"Meriten" - Verdienst
Joh.5,44 Wie könnt ihr glauben, die ihr Ehre voneinander nehmt und die Ehre von dem alleinigen Gott nicht sucht?
Meriten = "Merit" (lateinisch "meritum" für Verdienst) bedeutet im Deutschen hauptsächlich Verdienst, Leistung, Wert oder Vorzug und beschreibt etwas, das Lob, Belohnung oder Anerkennung verdient. Andere Form - merits; merited; meriting. Merit bedeutet „Würdigkeit oder Exzellenz“. Wenn du in der Schule eine Auszeichnung erhältst, wirst du für gute Leistungen gewürdigt. Gott will die höchste Priorität in unserem Leben einzig und alleine haben.
Mt.6,20 Sammelt euch vielmehr Schätze im Himmel, wo weder die Motten noch der Rost sie fressen und wo die Diebe nicht nachgraben und stehlen!
Mt.6,21 Denn wo euer Schatz ist, da wird auch euer Herz sein.
Verdienst = Lohn, Gehalt, Verdienst, Arbeitsentgelt, Besoldung: Es gibt vielfältige Bezeichnungen für das Einkommen, das Beschäftigte für das Bereitstellen ihrer Arbeitskraft auf dem Arbeitsmarkt erhalten. Verdienst bedeutet des Weiteren auch: Anspruch auf Respekt und Lob, Exzellenz, Wert. Weiters wird Verdienst auch Nutzen, Würde, Exzellenz, Integrität, Qualität, Ansehen, Talent, Wert, Tugend und Würdigkeit. Es ist auch das Einkommen, das Beschäftigte für das Bereitstellen ihrer Arbeitskraft auf dem Arbeitsmarkt erhalten. Verdienst = eine sachliche oder monetäre Leistung für eine natürliche Person. LOHN = nach Stunden berechnete Bezahlung für geleistete Arbeit. Schätze im Himmel meint nicht eine Belohnung für gute Taten, sondern den göttlichen Frieden, SEINE Freude und das ewige Leben, das schon hier auf Lebzeiten beginnt, wenn Jesus Christus unser einziger Herr und Gott ist.
1.Mo.1,27 Und Gott schuf den Menschen in seinem Bild, im Bild Gottes schuf er ihn; als Mann und Frau schuf er sie.

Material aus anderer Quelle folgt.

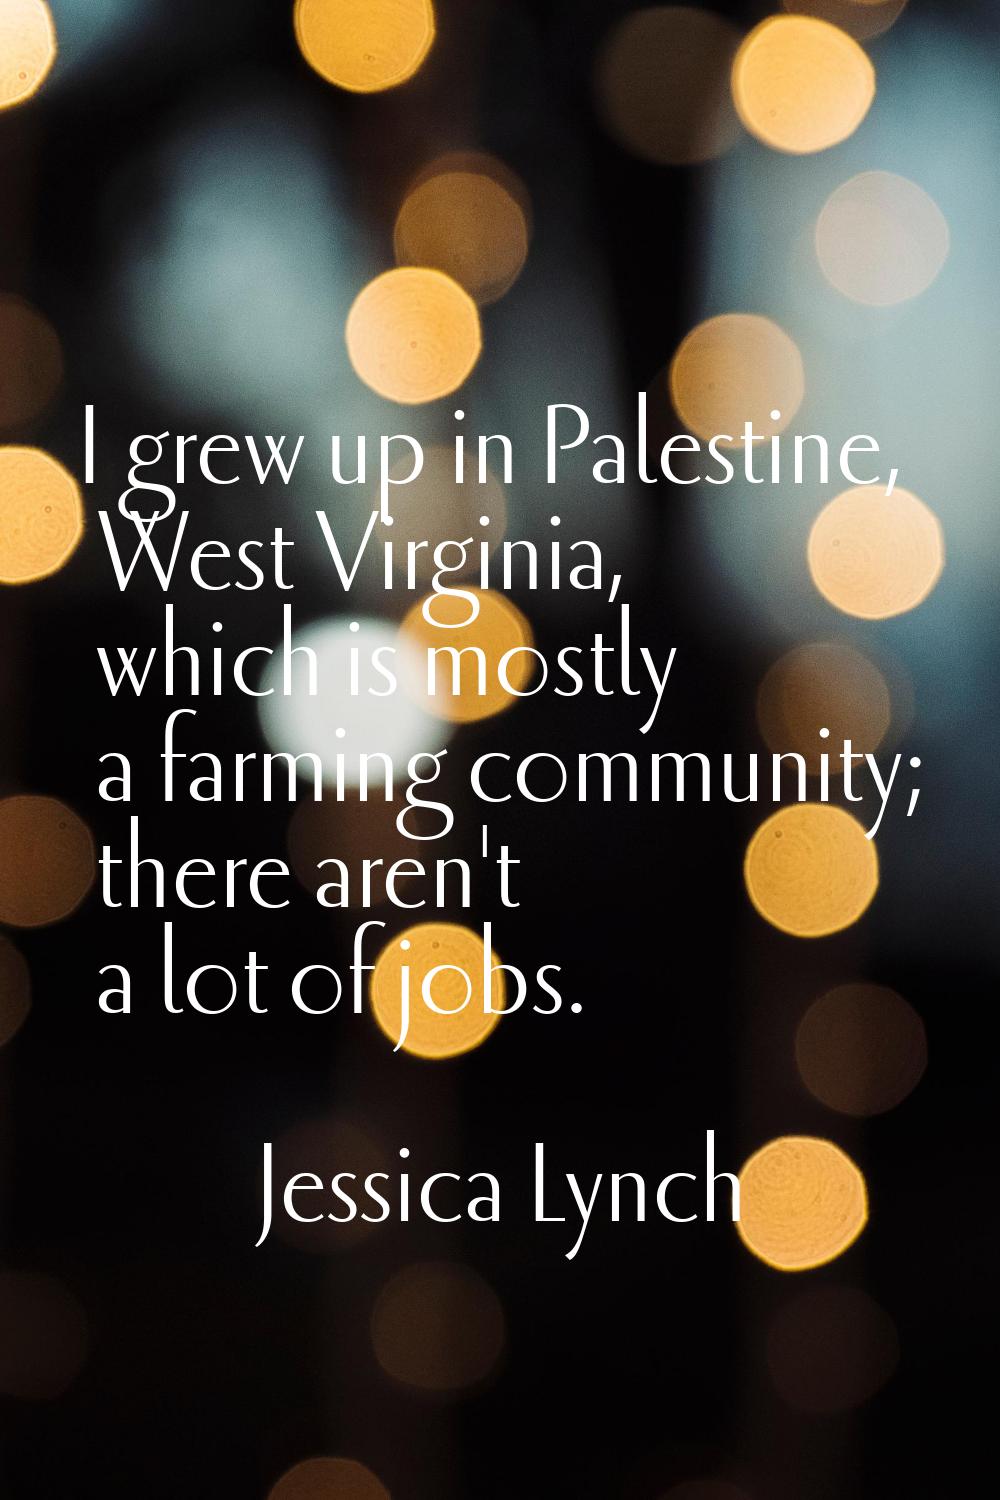 I grew up in Palestine, West Virginia, which is mostly a farming community; there aren't a lot of j
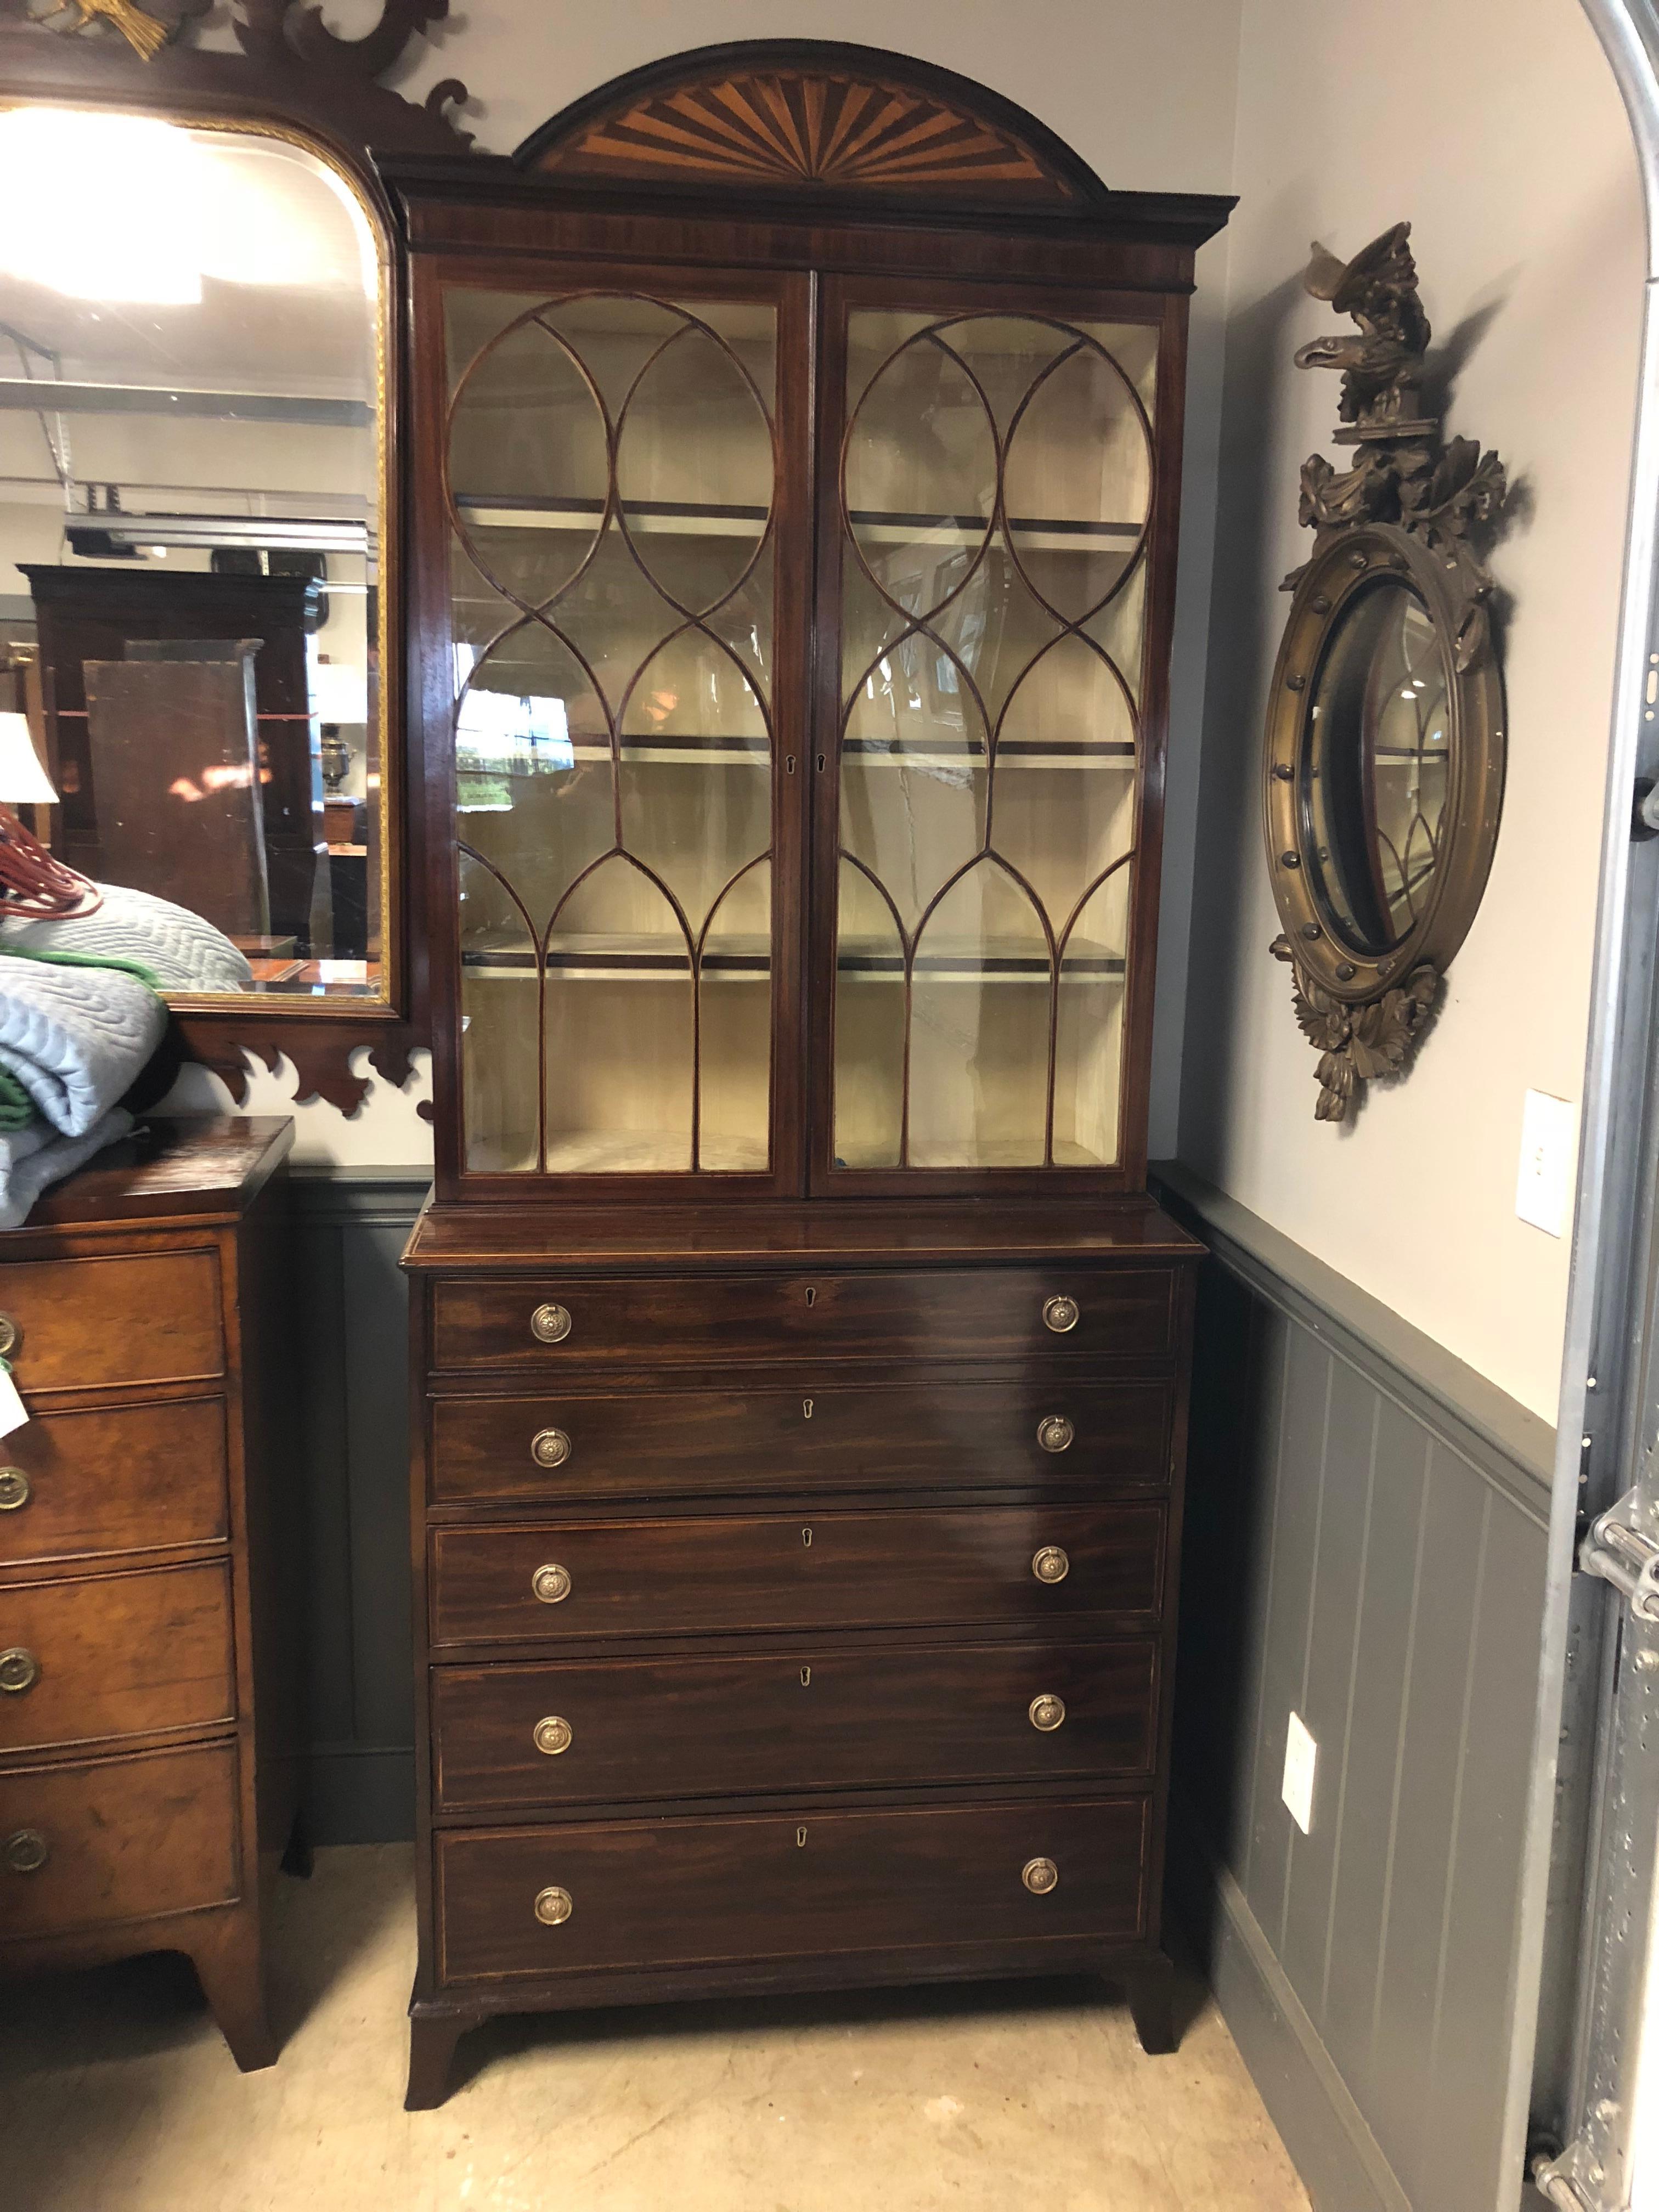 English Butler's secretary in dark mahogany with inlay stringing on each drawer and around the top edge, incredible fan centered on the cornice with inlaid woods, beautiful glass pattern with inlaid mahogany, interior pigeon holes and leather,

Würde = Die Würde des Menschen ist das fundamentale Prinzip, dass jeder Mensch einen unveräußerlichen, inneren Wert besitzt, der ihn von Dingen unterscheidet und niemals verletzt werden darf. Sie schützt vor Erniedrigung und Instrumentalisierung und fordert, dass der Staat und die Gesellschaft jeden Menschen als Individuum achten und schützen. Die Idee der Menschenwürde hat historisch tiefreichende Wurzeln. Vorläufer dessen, was heute unter „Menschenwürde“ verstanden wird, finden sich partiell bereits in der römischen Antike, im frühen Judentum und im Christentum. Zu letzteren zählen primär der Gedanke der Gottebenbildlichkeit des Menschen. Der berühmte Satz "Die Würde des Menschen ist unantastbar" (Artikel 1 Grundgesetz) knüpft direkt an diese biblisch-theologische Tradition an.
Die Bibel betont, dass Erlösung ein unverdientes Geschenk Gottes ist, das durch Gnade (nicht durch Werke) kommt. „Gott aber beweist seine Liebe zu uns dadurch, daß Christus für uns gestorben ist, als wir noch Sünder waren“. Röm 5,8 Die Wiedergeburt ist ein unverdientes Geschenk Gottes (Gnade) und nicht etwas, das wir uns durch gute Taten verdienen können. Gottes heiliges Wort lehrt, dass wir uns nichts verdienen können, um Gottes Liebe oder die Erlösung zu erhalten. „Denn aus Gnade seid ihr errettet durch den Glauben, und das nicht aus euch - Gottes Gabe ist es“; Eph.2,8 „nicht aus Werken, damit niemand sich rühme“. Eph.2,9 Vergessen wir es nie! Der 3 x heilige Schöpfer-Gott schuldet uns weder himmlische noch irdische Segnungen. Auch die Erlösung, erkauft durch Jesu Blut, schuldete ER uns nicht.
Es ist Gottes Barmherzigkeit und Liebe. Das eine aber sollten wir in unseren Herzen wissen. Wer Gott liebt, dem dient alles, was geschieht, zum Guten. Dies gilt aber nur für jene, die Jesus Christus als ihren persönlichen Herrn und Retter-Heiland in ihrem Leben angenommen haben!